Second, supports for workers through subsidies should go hand in hand with internal pressures to support workers within the company. As I pointed out above, Republicans rally behind the Earned Income Credit whenever a real threat to increase the minimum wage arises. If unions were stronger and were fighting cuts in health benefits, employers would be more open to a new national deal on health insurance. That"s why Ezra Klein"s argument that unions over-emphasize the expansion of employer-based benefits at the expense of more generous public benefits is short-sighted. You only get political consensus for public benefits when there"s pressure for employer-based benefits. The union pressure on Wal-Mart is plainly leading it to look for public solutions it can support. And it"s not just politics -- we need both employer-based and public benefits. We need a minimum wage increase and the EITC; otherwise the EITC is just filling the gap between an absurdly low wage and the basic costs of survival for a family.
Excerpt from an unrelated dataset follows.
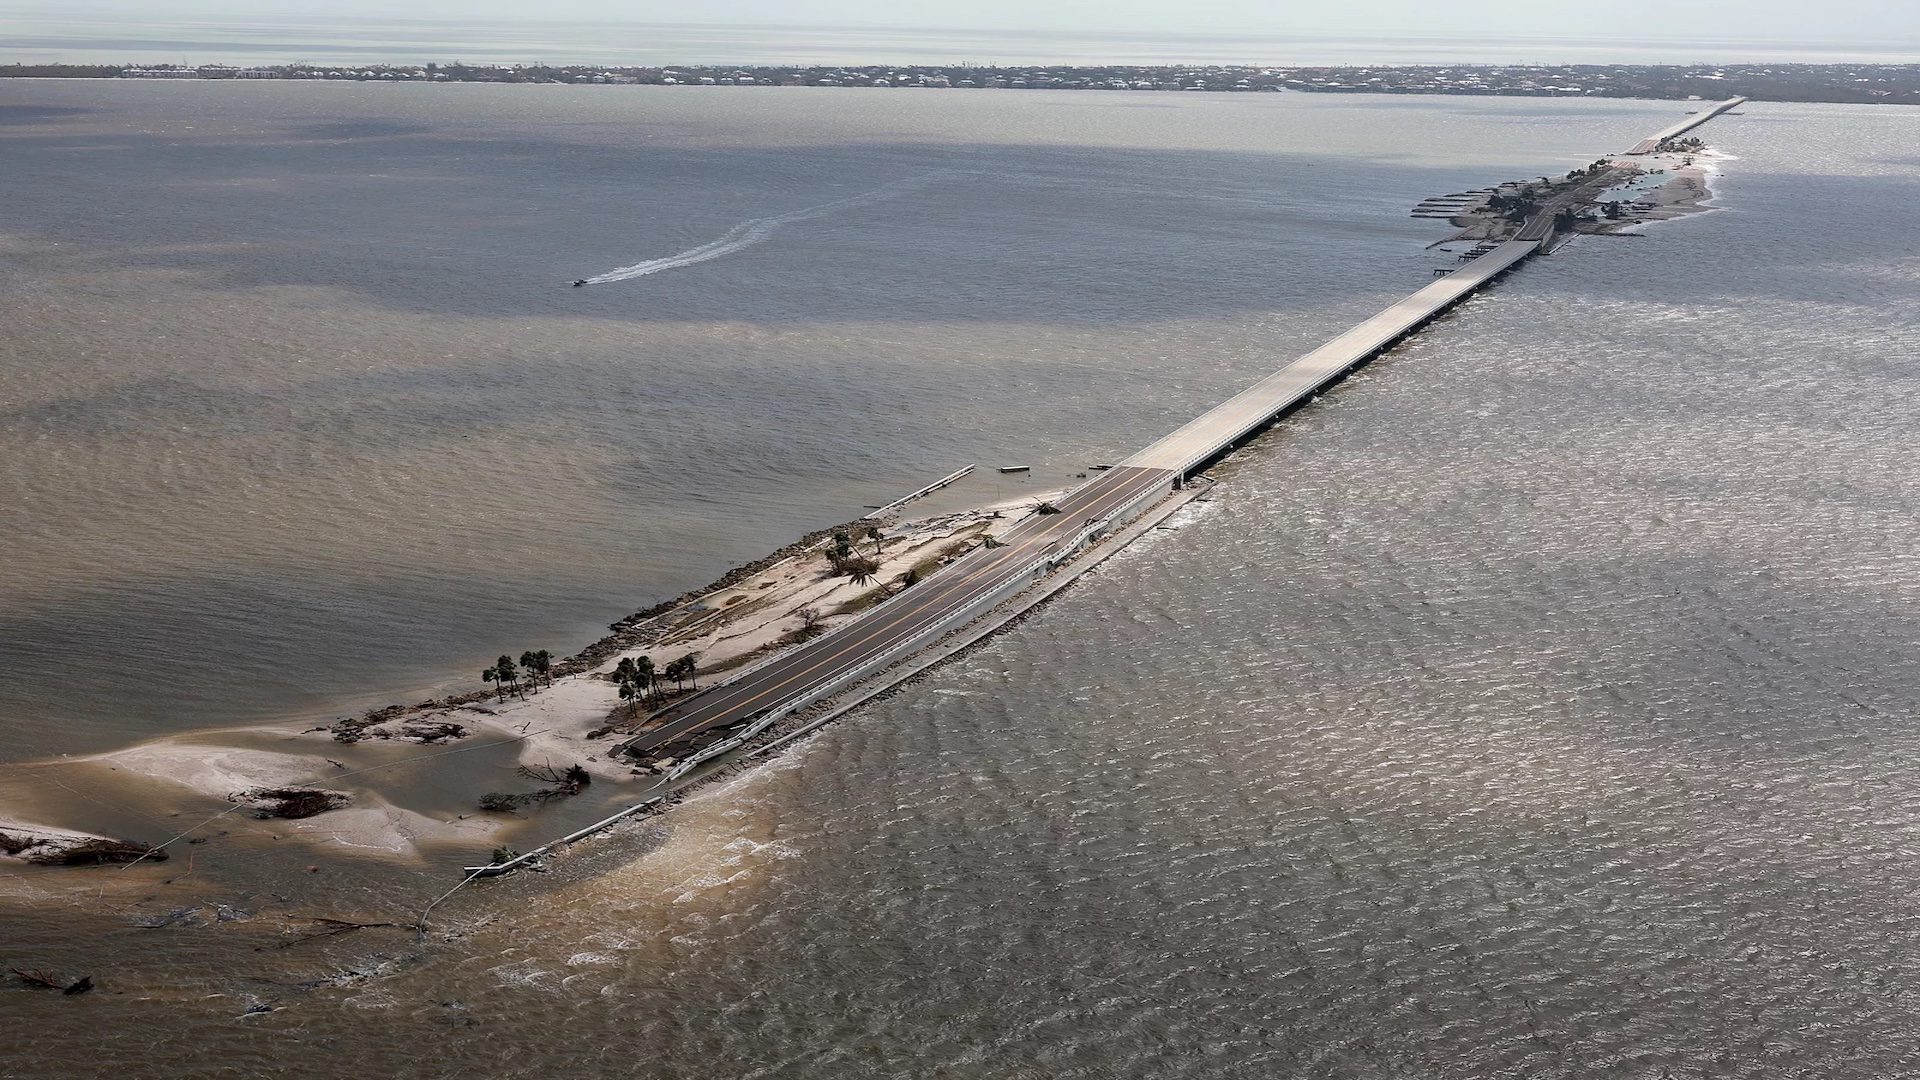 Aftermath of Hurricane Ian as parts of the Sanibel Causeway were washed away

Health care is a little different, because that is more of an either/or. Except for a "pay or play" option, which doesn"t seem to have much political life anymore, it"s a choice between an employer-based system and an individual-based public system. Either we"ll continue to hope that the anachronistic employer-based system survives a little longer, or we"ll revamp it completely, which will mean much greater public subsidy at all levels of the system. That would be a good thing, even if it resulted in Wal-Mart and other companies getting off the hook on health care costs. But Wal-Mart, the Waltons and the shareholders would have to pay higher taxes for such a system. And that"s a good thing too.